Suzanne Vautrinot
About Suzanne M. Vautrinot
Suzanne M. (Zan) Vautrinot, age 65, has served on the Wells Fargo Board since February 2015. She is President of Kilovolt Consulting, Inc., a cybersecurity strategy and technology consulting firm (since October 2013), and a retired U.S. Air Force Major General with deep cyber, risk, and crisis-management credentials; she is a member of the National Academy of Engineering. She is an independent director and currently serves on the Board’s Risk Committee; in 2024 she also served on the Corporate Responsibility Committee (CRC), which was dissolved in January 2025 with responsibilities integrated into the Governance & Nominating Committee (GNC).
Past Roles
| Organization | Role | Tenure | Committees/Impact |
|---|---|---|---|
| U.S. Air Force, Air Forces Cyber and Air Force Network Operations | Major General and Commander | 2011–2013 | Led multibillion-dollar cyber enterprise; enterprise risk planning, crisis management, oversight of ~14,000 personnel |
| U.S. Cyber Command | Director of Plans and Policy | 2010 | Cyber strategy and policy planning |
| U.S. Strategic Command, Network Warfare | Deputy Commander | 2008–2010 | Network warfare leadership |
| Air Force Recruiting Service | Commander | 2006–2008 | Human capital leadership |
| 50th Space Wing | Commander | 2003–2005 | Space/cyber operations leadership |
External Roles
| Organization | Role | Tenure | Committees/Leadership |
|---|---|---|---|
| CSX Corporation | Director | Current | Audit Committee; Governance Committee |
| Ecolab Inc. | Director | Current | Audit Committee; Safety, Health & Environment Committee Chair |
| Parsons Corporation | Director | Current | Audit & Risk Committee; Corporate Governance & Responsibility Committee Chair |
| NortonLifeLock Inc. | Director | Prior | Prior public company directorship |
Board Governance
- Independence: The Board determined Ms. Vautrinot is independent under Wells Fargo’s Director Independence Standards and NYSE rules; all standing Board committees are composed entirely of independent directors.

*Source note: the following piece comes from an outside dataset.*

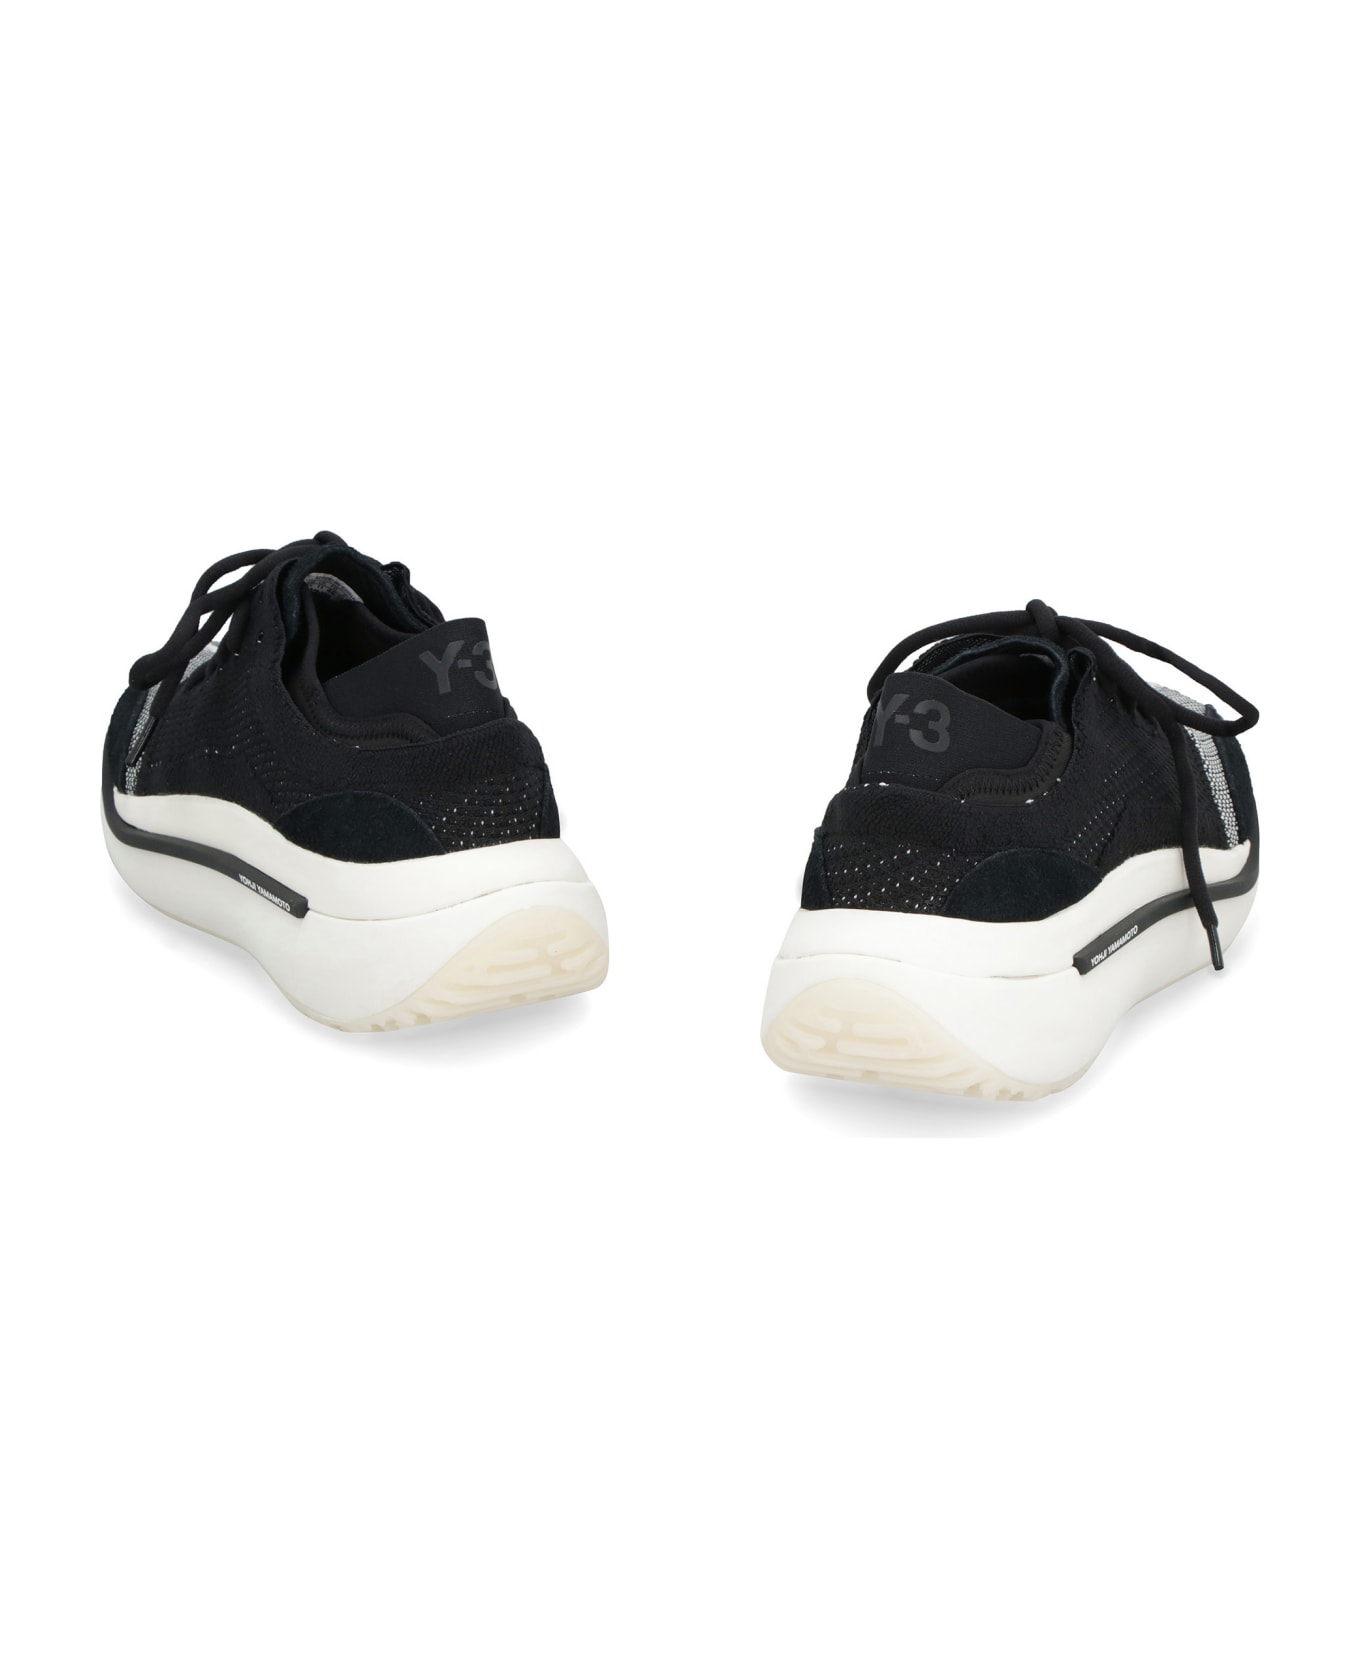 Y-3 Qisan Knit Sneakers - black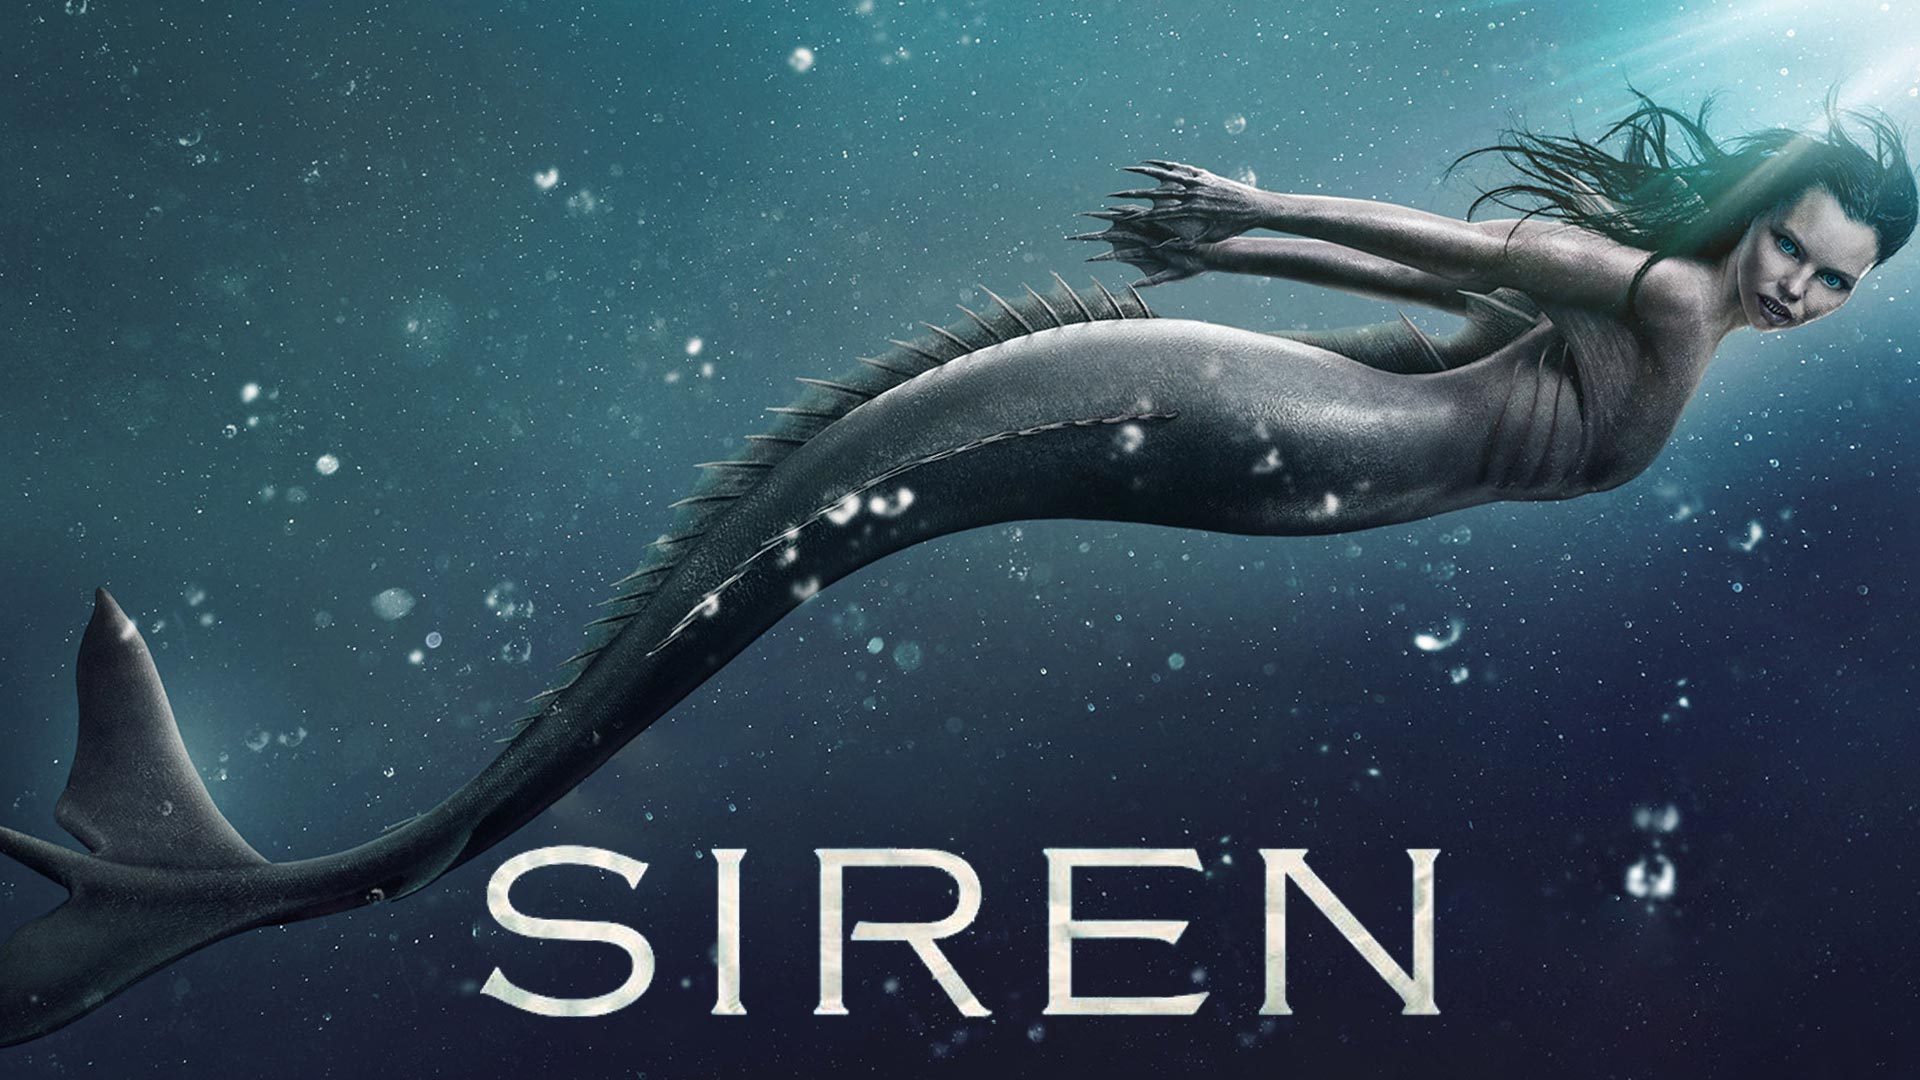 Siren Season 2

- Committees: Risk Committee (member). She also served on the Corporate Responsibility Committee in 2024 before its dissolution/integration into the GNC in January 2025.
- Risk Committee oversight focus: nine meetings in 2024 (incl. one joint with Audit); committee responsibilities span risk appetite, risk framework effectiveness, and oversight of material financial/non-financial risks; members (including Ms. Vautrinot) bring information security/cybersecurity/technology expertise.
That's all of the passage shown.